Iroquois football fans may soon be able to cheer on their team under the lights if a proposal by the Iroquois Football Boosters Club is accepted by the School Board.

Club representative Tim Shevlin said the boosters have half the money already and can get the balance in a month if necessary to pay for the project, once the board approves it. He said it would be done at no cost to taxpayers.

He said it would cost about $350 per game for extra police, a groundskeeper, supervision and cost of electricity to run the lights, which Shevlin said could be recouped by raising the cost of adult tickets by a dollar to $2.

He said games at West Seneca's two high schools have enjoyed a resurgence in the past few years with night lights, while there have not been added problems with fights or rowdiness.

If the lights are allowed, children younger than high school age would be admitted to the games with adults only, Shevlin said.

He said that as many as 1,000 people would be expected to attend night football games and that the school's soccer and lacrosse teams also would be able to use the fields at night.

All work on the property would be done by the Boosters Club, which would enter into a contract with the district.
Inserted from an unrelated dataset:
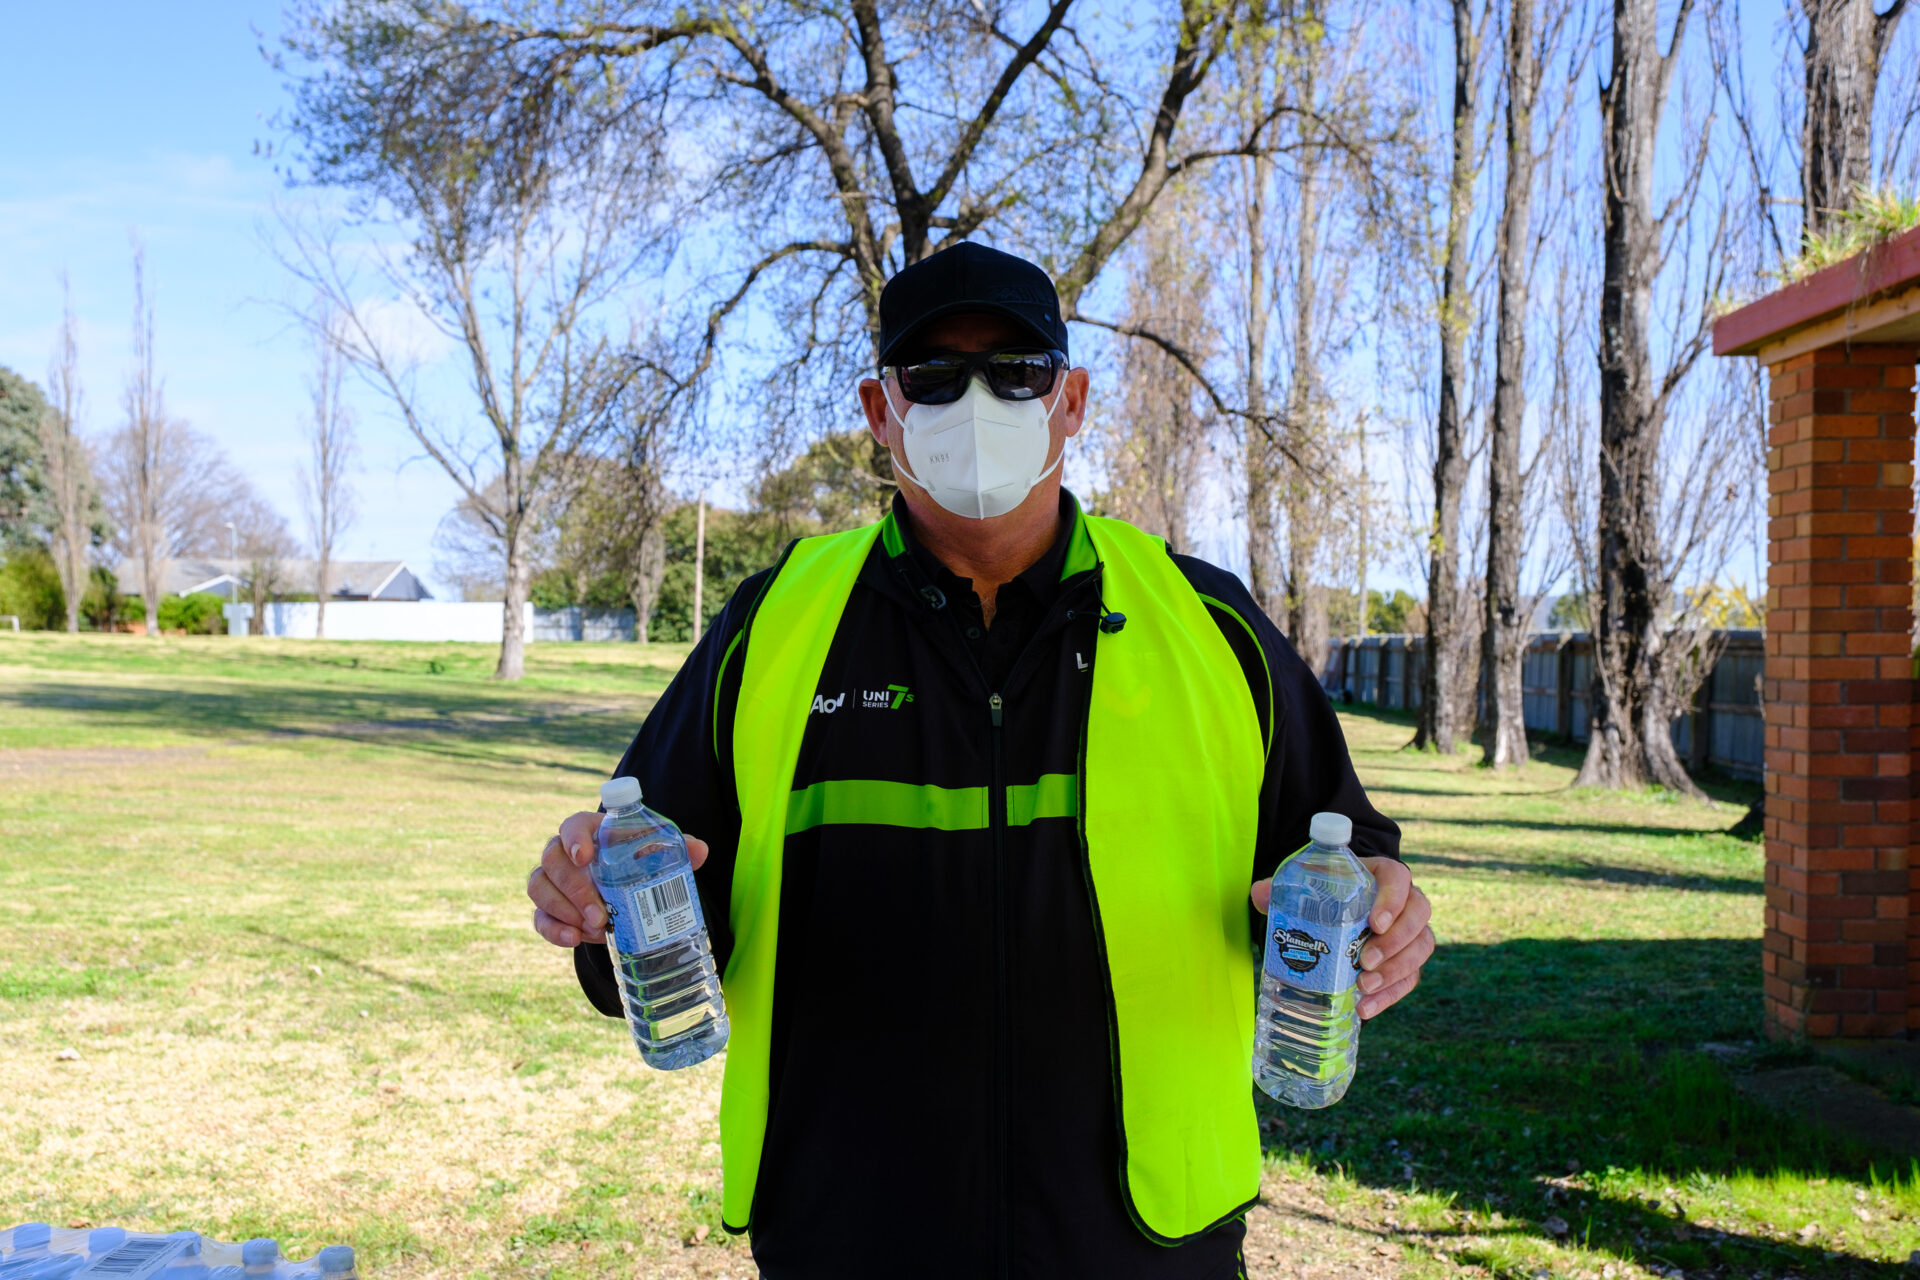 Alan stand holding two water bottles and smiling at the camera whilst wearing a high-vis vest and mask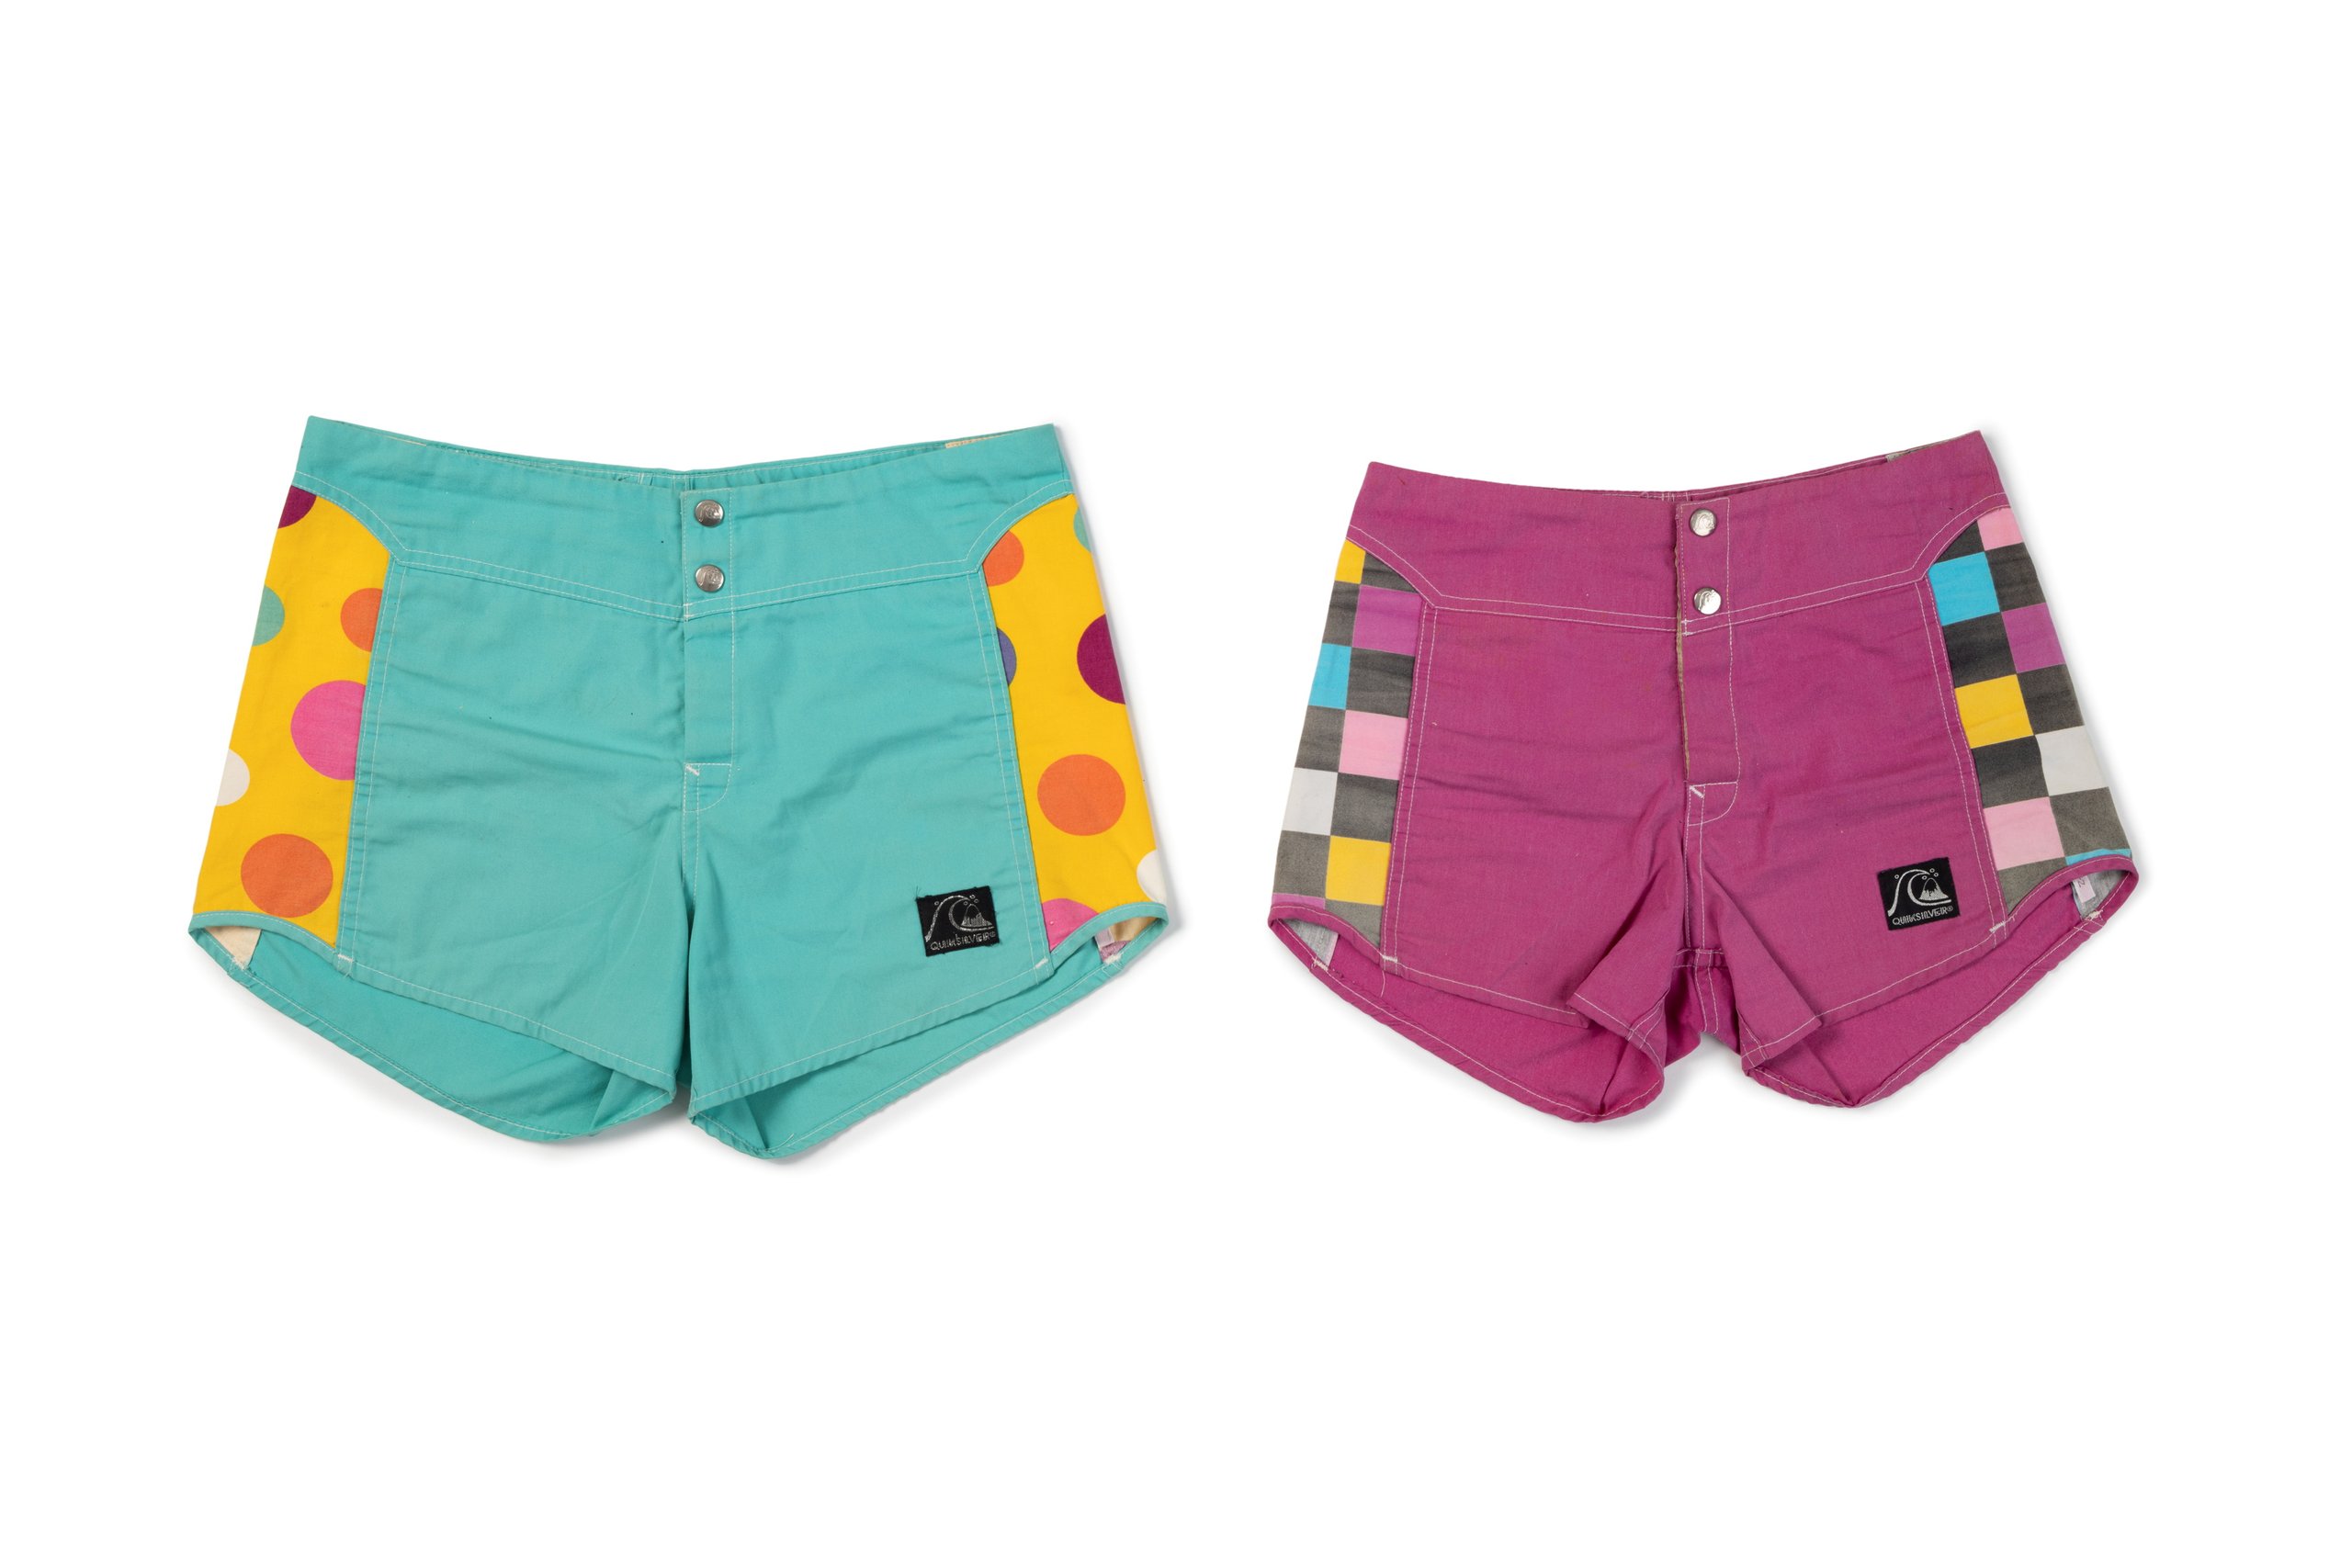 Boardshorts made by Quicksilver

When the project is finished, it would be turned over to the district.

Shevlin estimated the cost of the project at $62,000. School Board President Laura Monte said the board would issue a decision by next month. The next board meeting is scheduled for Jan. 9.

In another matter, School Superintendent Neil Rochelle reported that the retention pond near Woodard Road at the end of the athletic fields, across the road from the high school, will be filled in, and water will be diverted elsewhere as soon as weather permits.

He said there is enough money left over from the project approved by voters a few years ago to fix the problem of the standing water, which has caused complaints from neighbors. He said drainage pipes would have to be installed when the ground is not frozen.

Rochelle said officials from the state Department of Environmental Conservation told him the pond was necessary only during construction, but water naturally pools there.